Elle rappelle que l'article 7 de la convention n°158 de l'OIT dispose "qu"un licenciment ne peut intervenir avant que le salarié n'ait la possibilité de se défendre contre les allégations formulées par son employeur". Cette convention, ratifiée par la France, est d'application directe.

Rappelant également les dispositions de l'article L1232-2 du code du travail qui prévoit que la lettre de convocation à un entretien préalable doit préciser "l'objet de la convocation", Mme X soutient que ceci doit s'étendre comme non seulement informer sur la sanction envisagée mais aussi sur les autres causes de l'entretien c'est à dire des raisons de cette sanction.

La cour considère en effet que l'entretien préalable consituant la seule étage de la préocédure pendant laquelle le salarié a, légalement, le droit de s'expliquer sur les faits qui lui sont reprochés, avaec l'aide d'un défenseur, le respect des droits de la défense implique effectivement, que celle-ci puisse être préparée, dans la perspective de l'entretien préalable en connaissance de cause, c'est à dire en connaissant, non seulement la sanction que l'employeur envisage de prendre, mais surtout les reproches que l'employeur s'apprête à articluler à l'encontre de son salarié.

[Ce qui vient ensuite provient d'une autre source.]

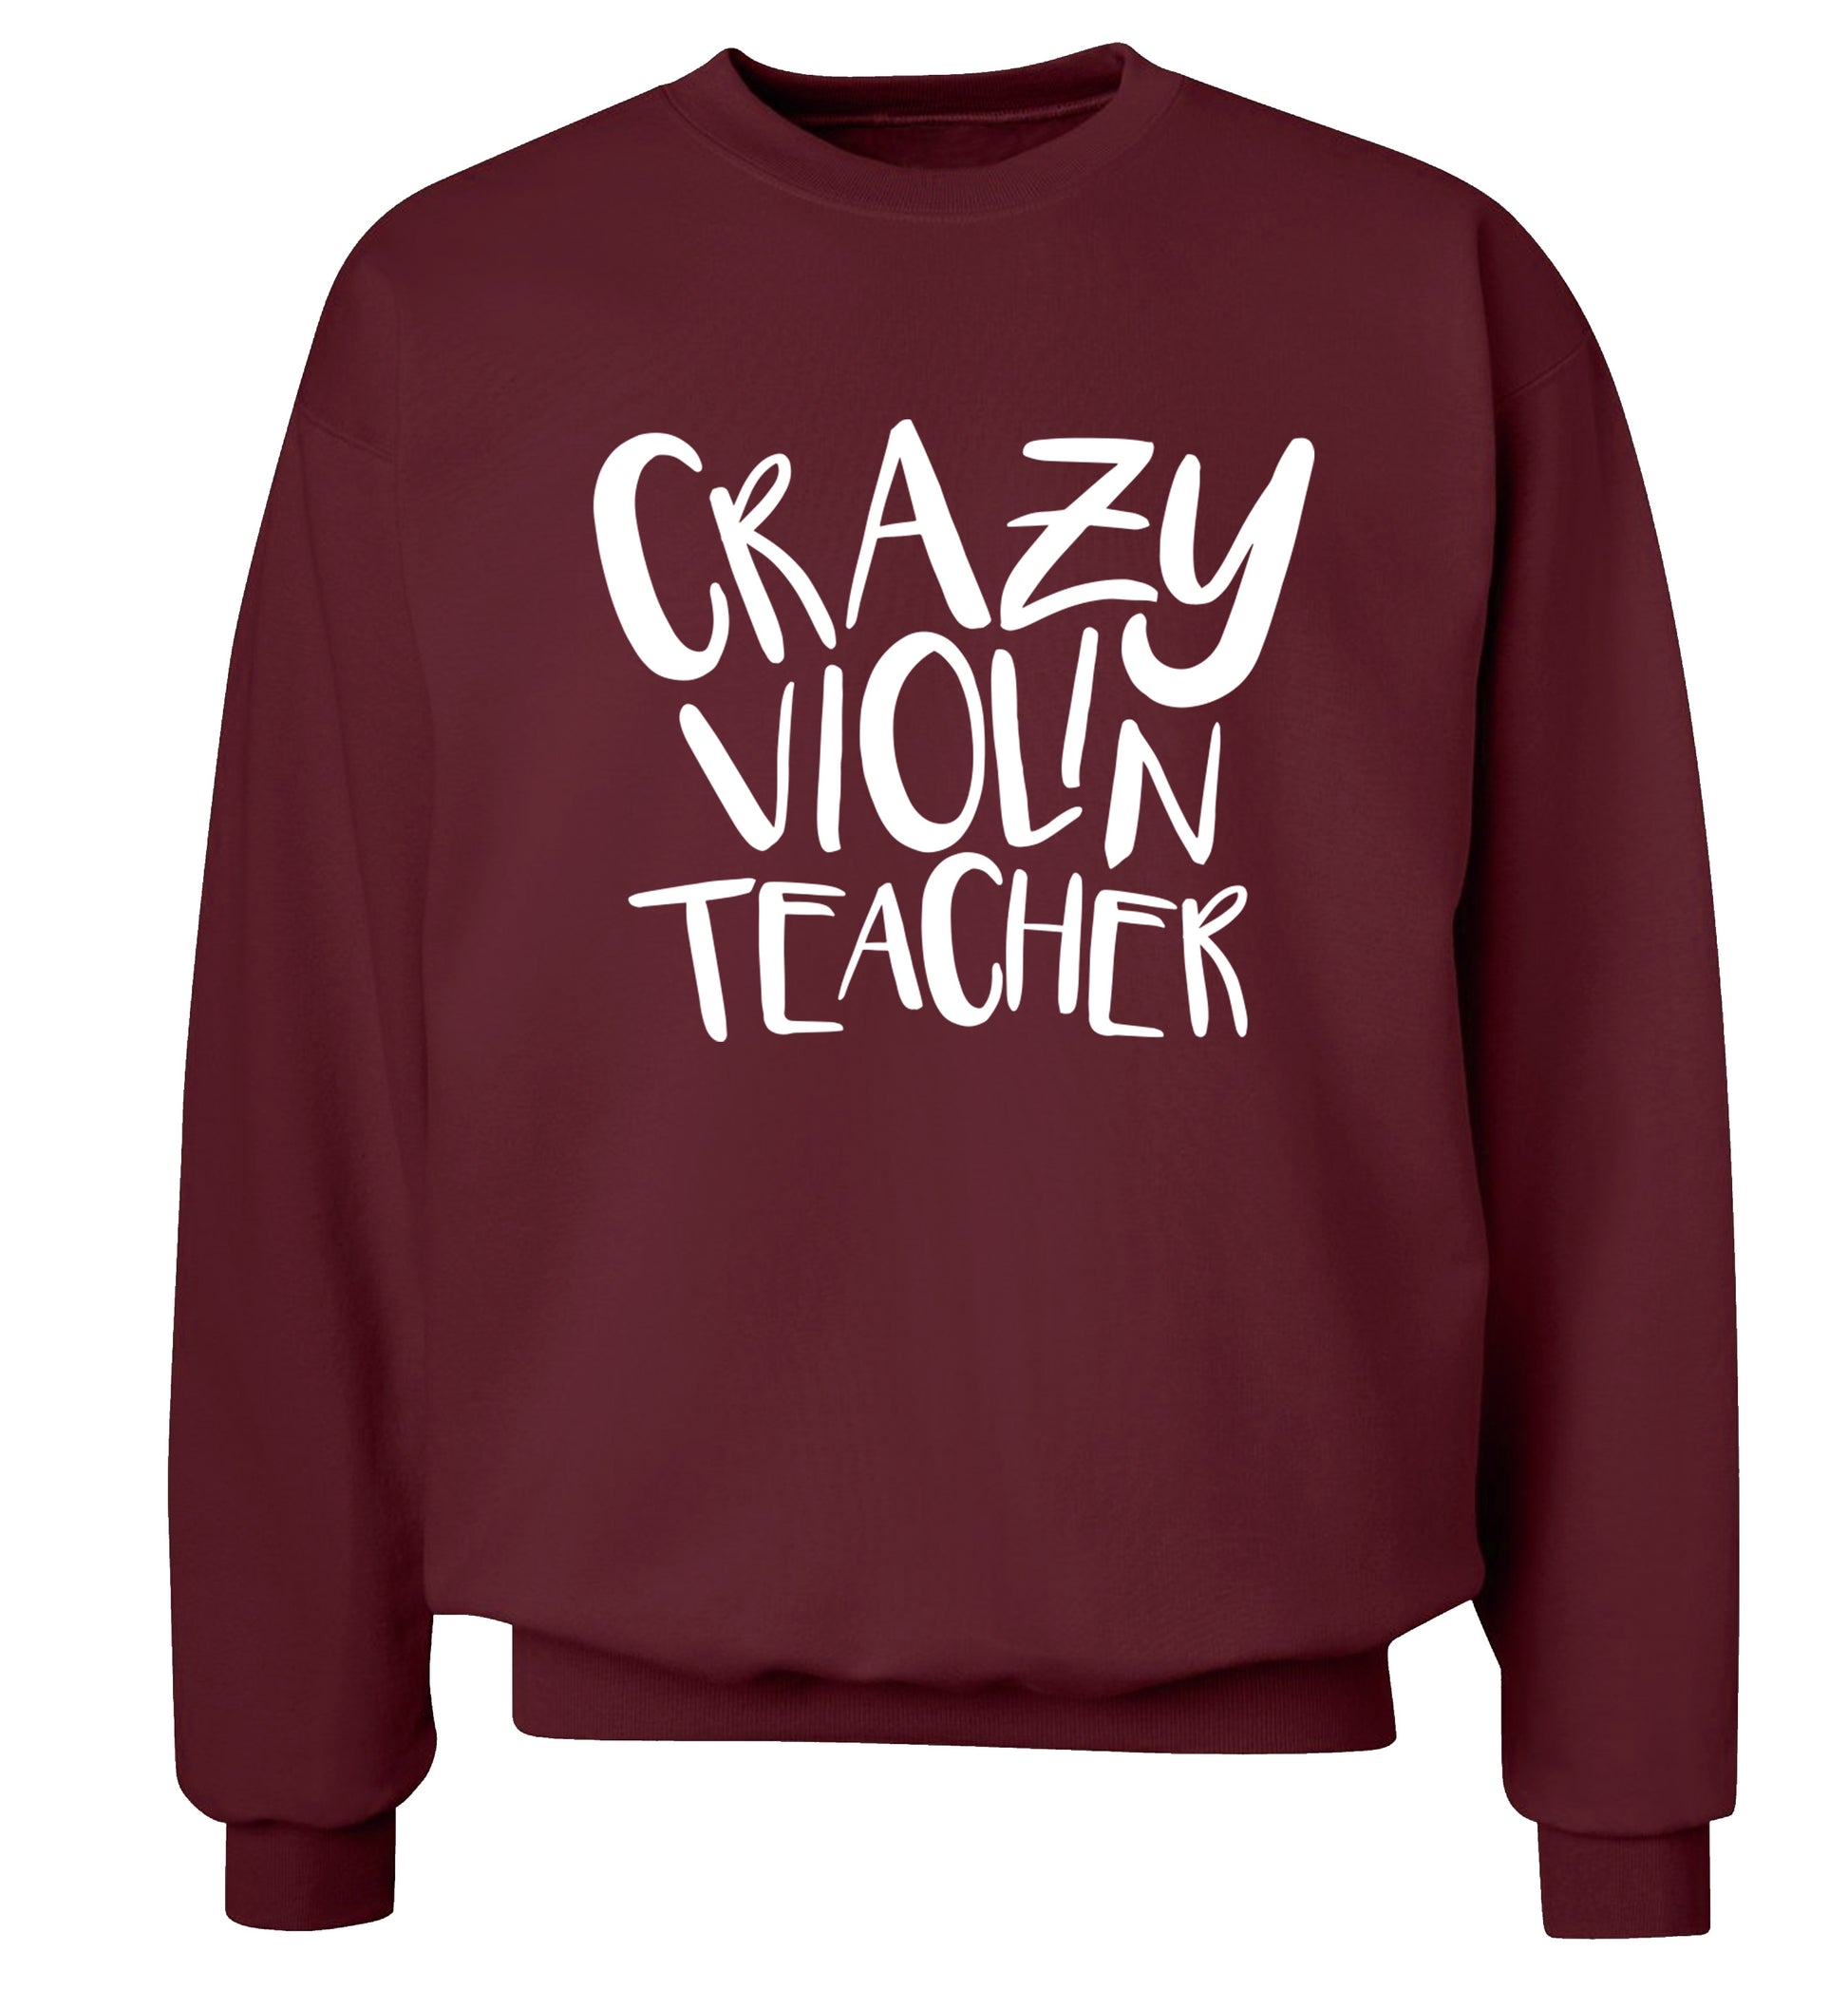 Crazy violin teacher Adult's unisex maroon Sweater 2XL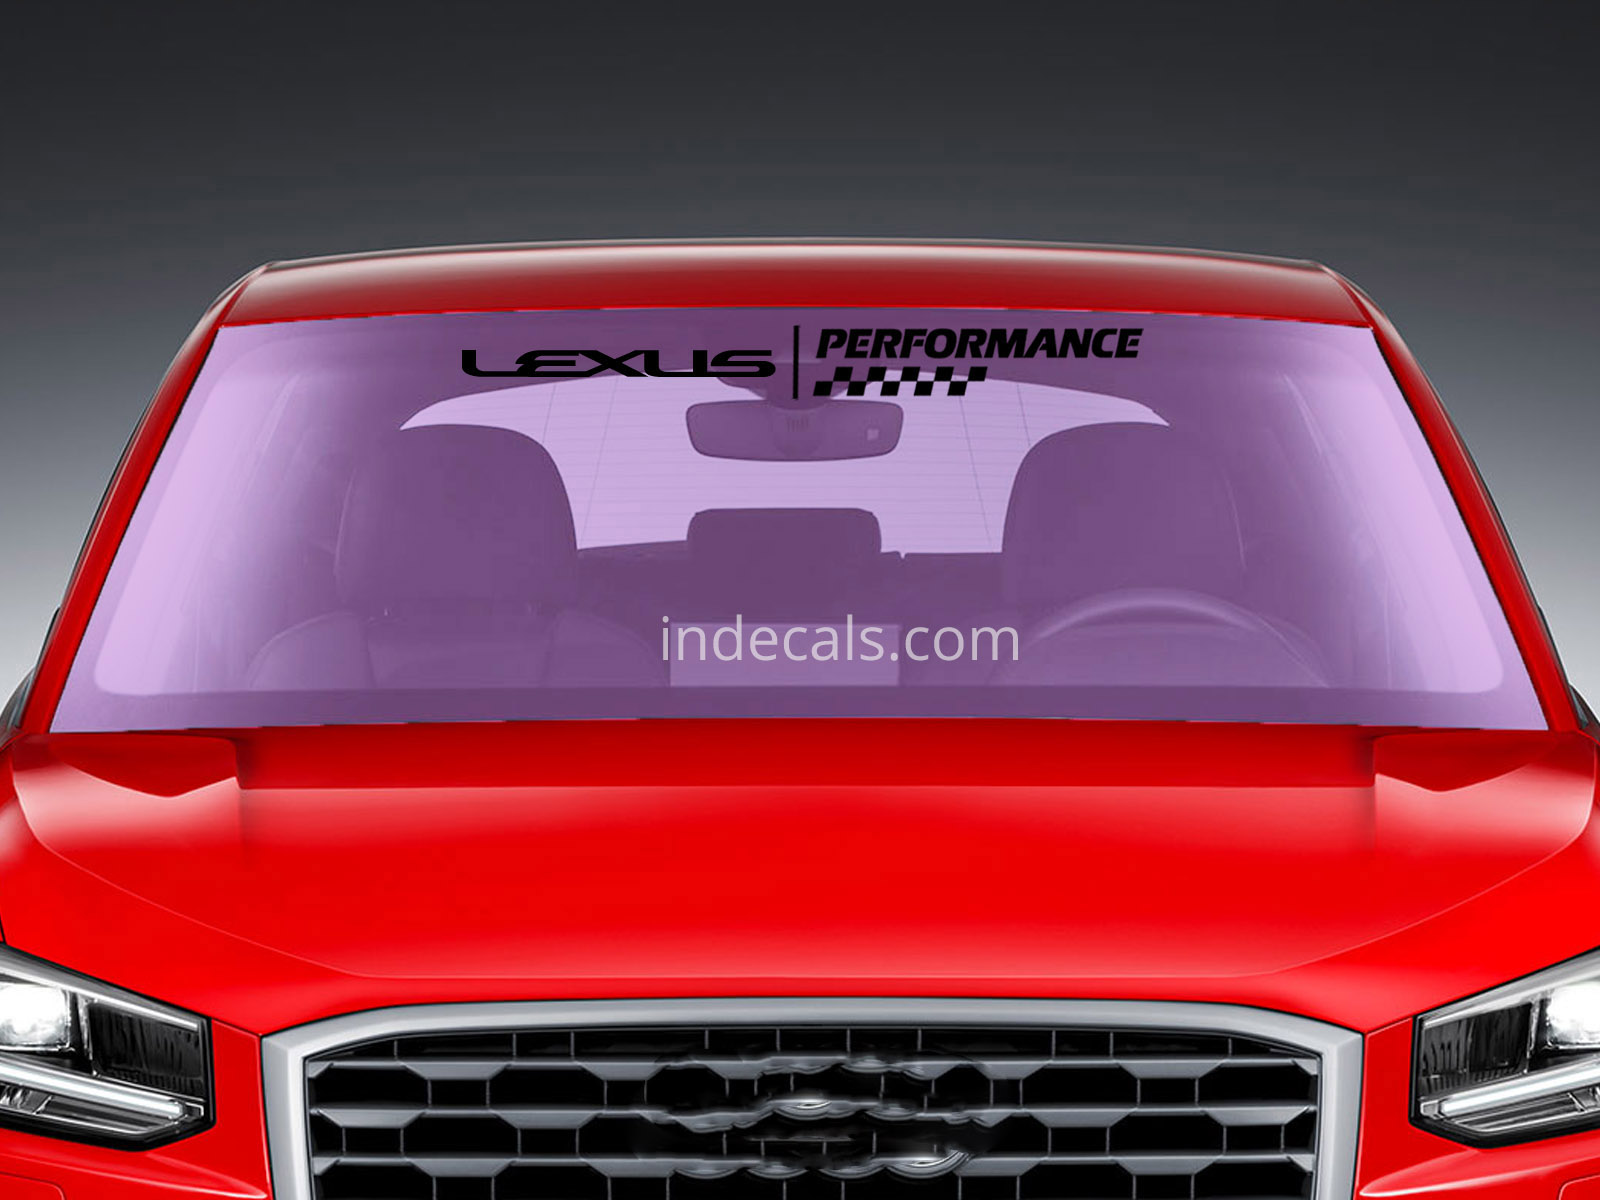 1 x Lexus Performance Sticker for Windshield or Back Window - Black

S'agissant d'une garantie de fond, ce manquement dans le respect des dispositions de la convention 158 de l'OIT, mais aussi d'un principe fondamental pour le respect des droits de la défense, entache de nullité ledit licenciement.

Cette atteinte aux droits de la défense justifie l'allocation à la salariée de la somme de 1000 € qu'elle sollicite.